(Beginning of Provided material)

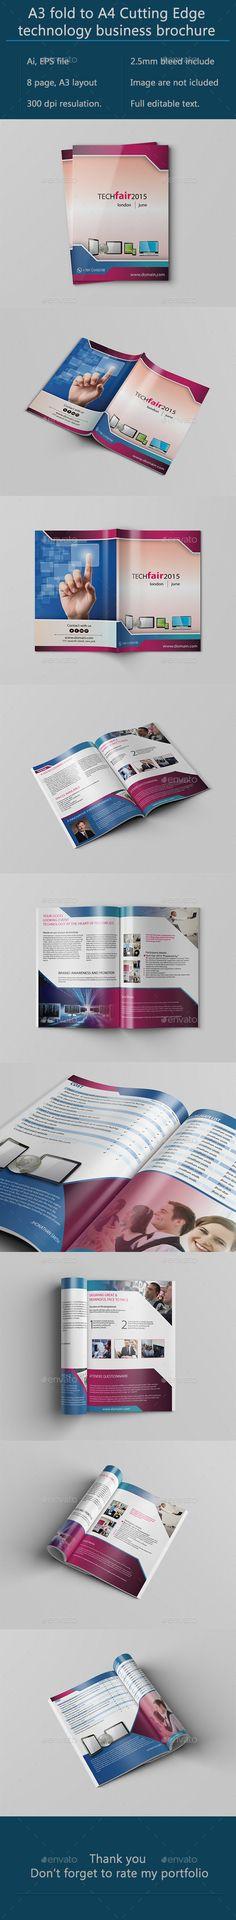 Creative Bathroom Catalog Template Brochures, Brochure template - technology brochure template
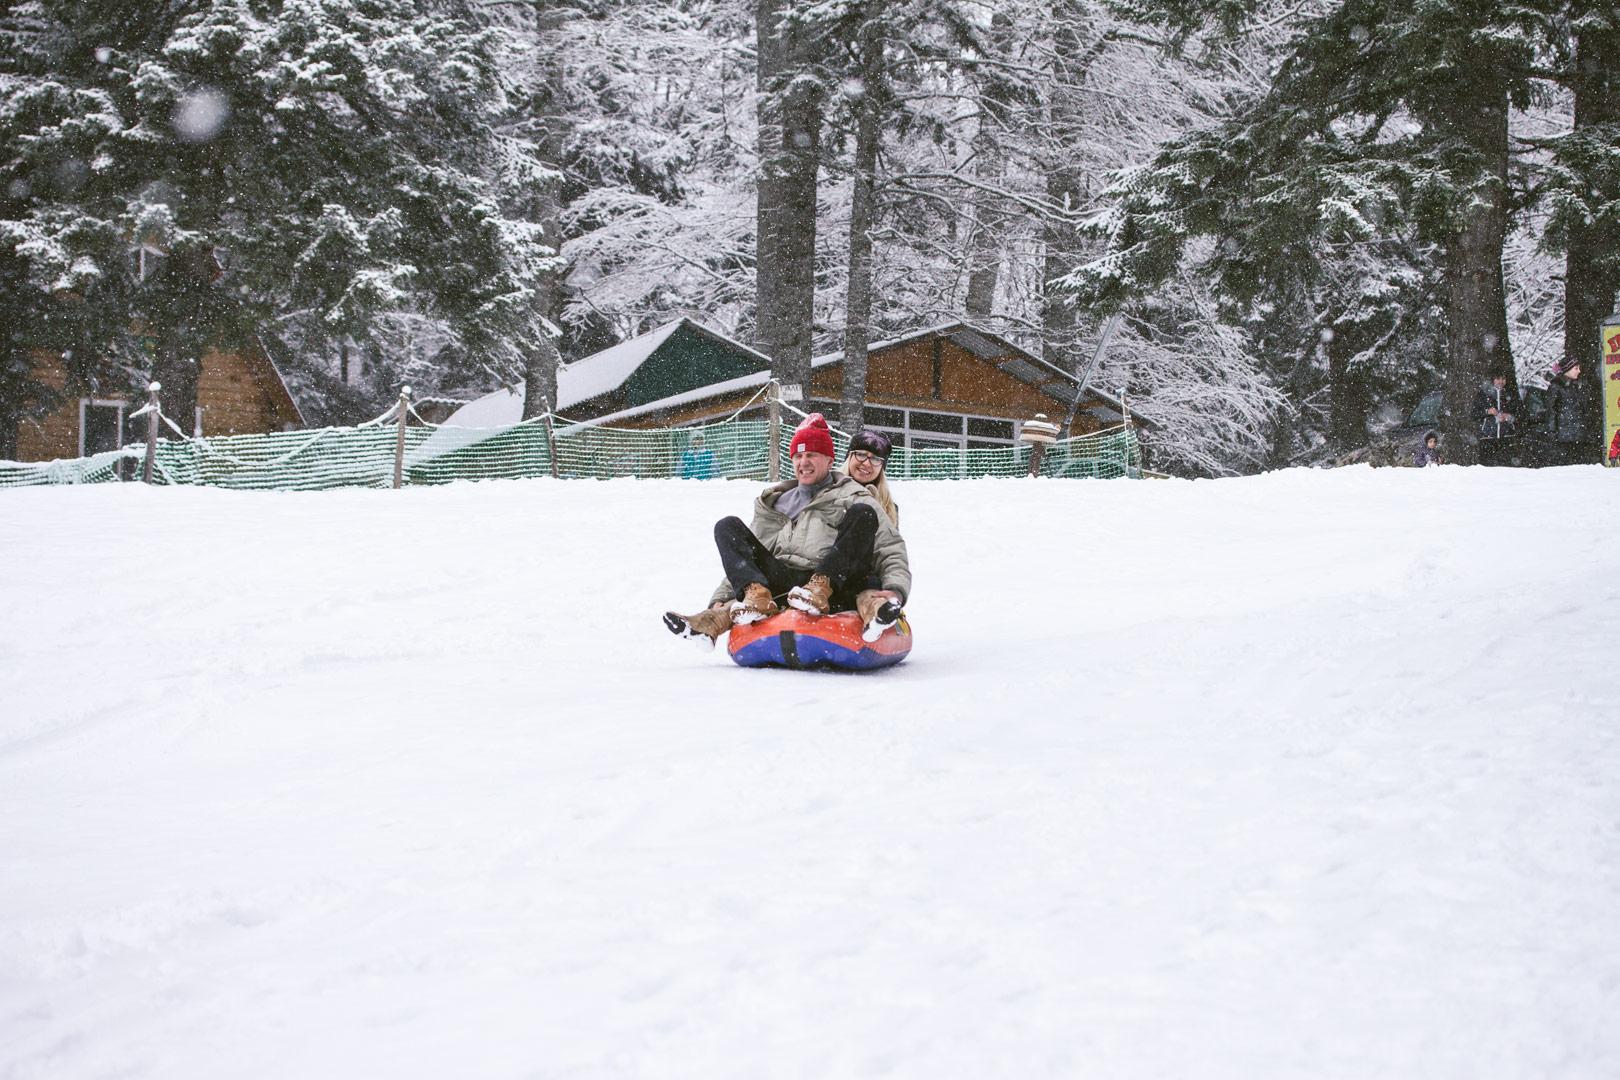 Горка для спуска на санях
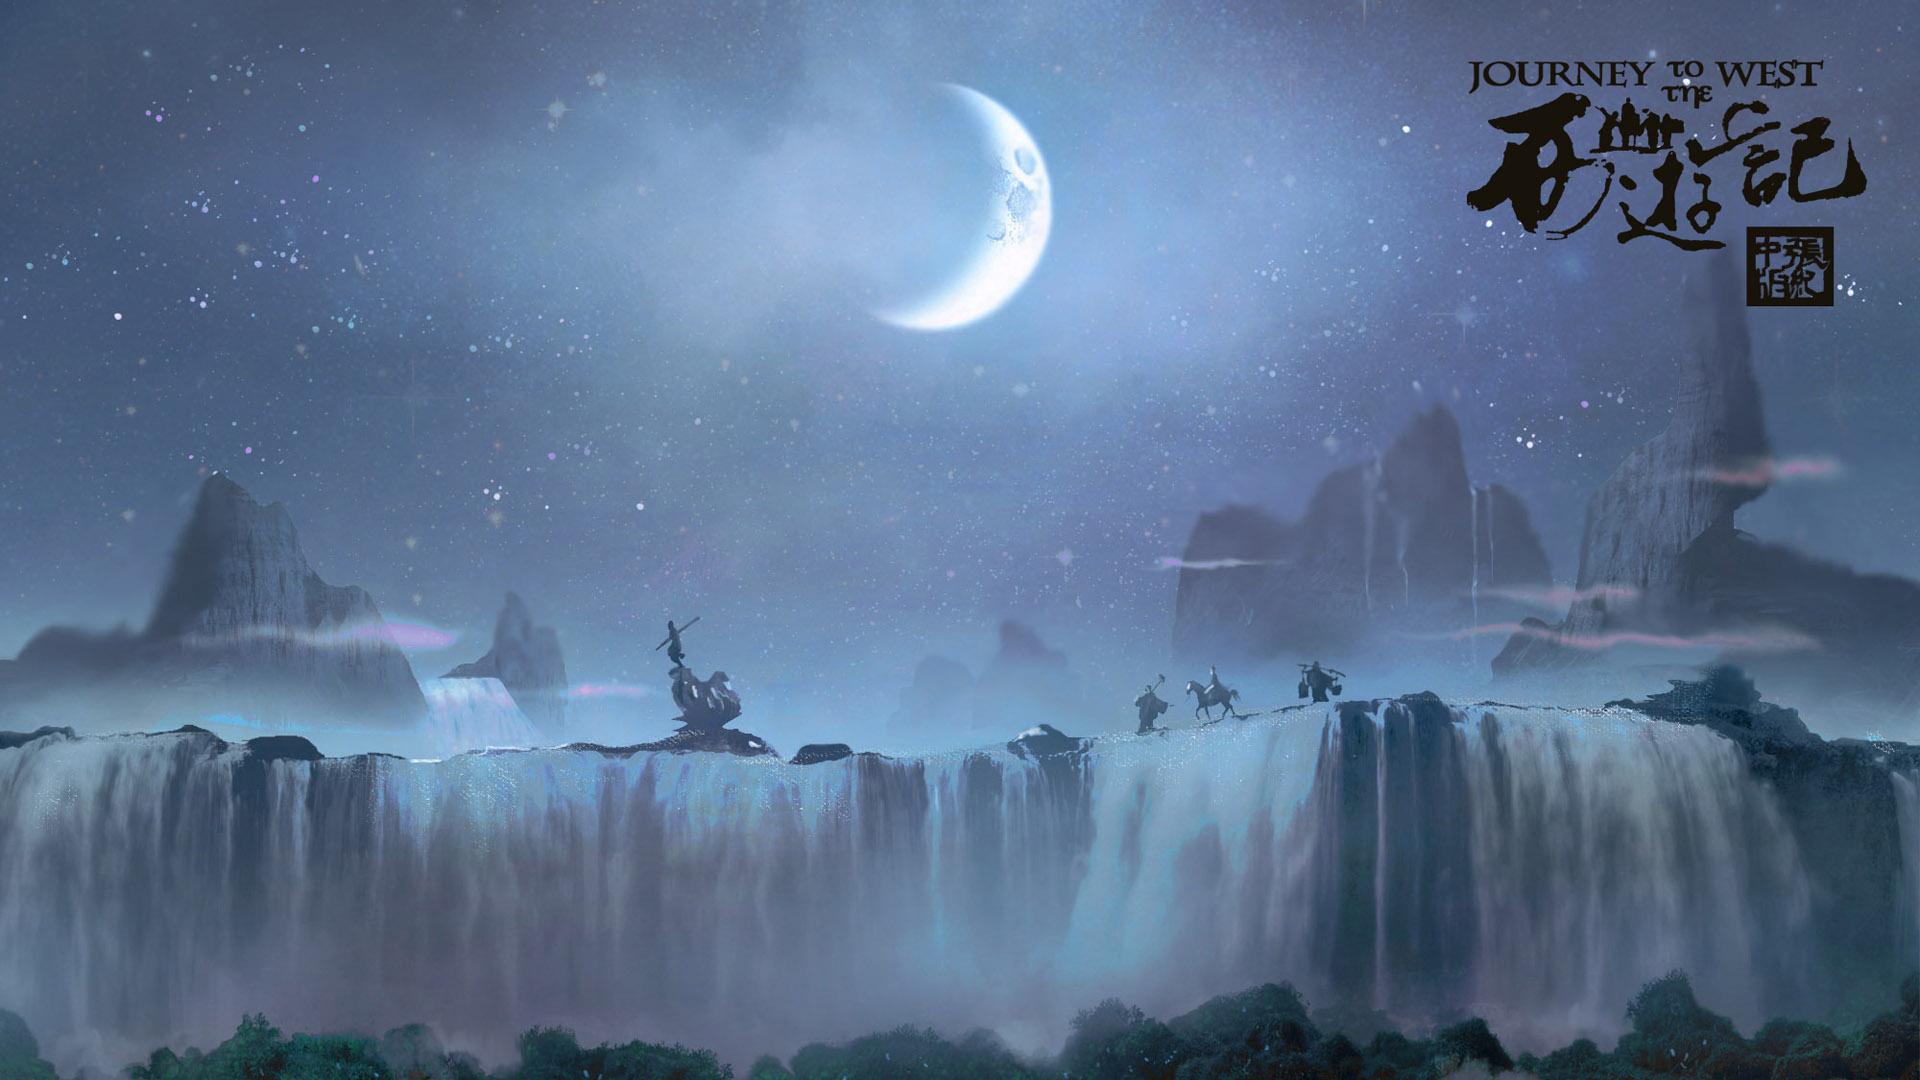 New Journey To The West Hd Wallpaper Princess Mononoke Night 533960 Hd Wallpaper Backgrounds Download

(End of Provided material)
(Beginning of Provided material)

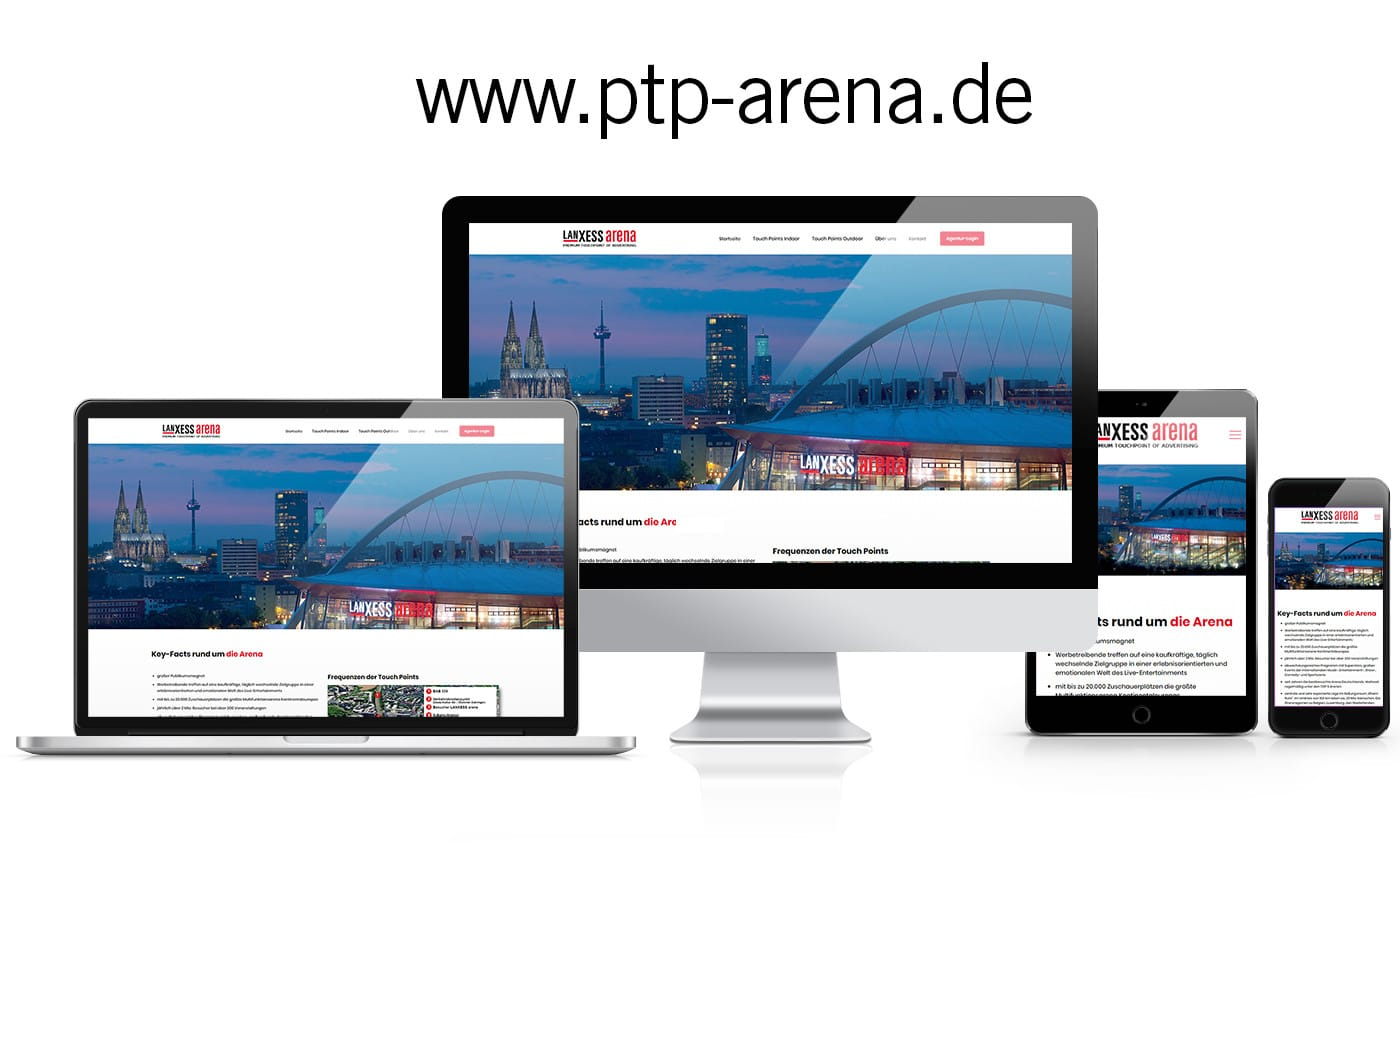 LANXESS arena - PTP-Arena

(End of Provided material)

> _Exercise aim_
Reproduce the entries exactly, from the line with "Горка для спуска на санях" to the line with "New Journey To", both lines included, keeping no pictures.

> _Solved problem_
 Горка для спуска на санях
 New Journey To The West Hd Wallpaper Princess Mononoke Night 533960 Hd Wallpaper Backgrounds Download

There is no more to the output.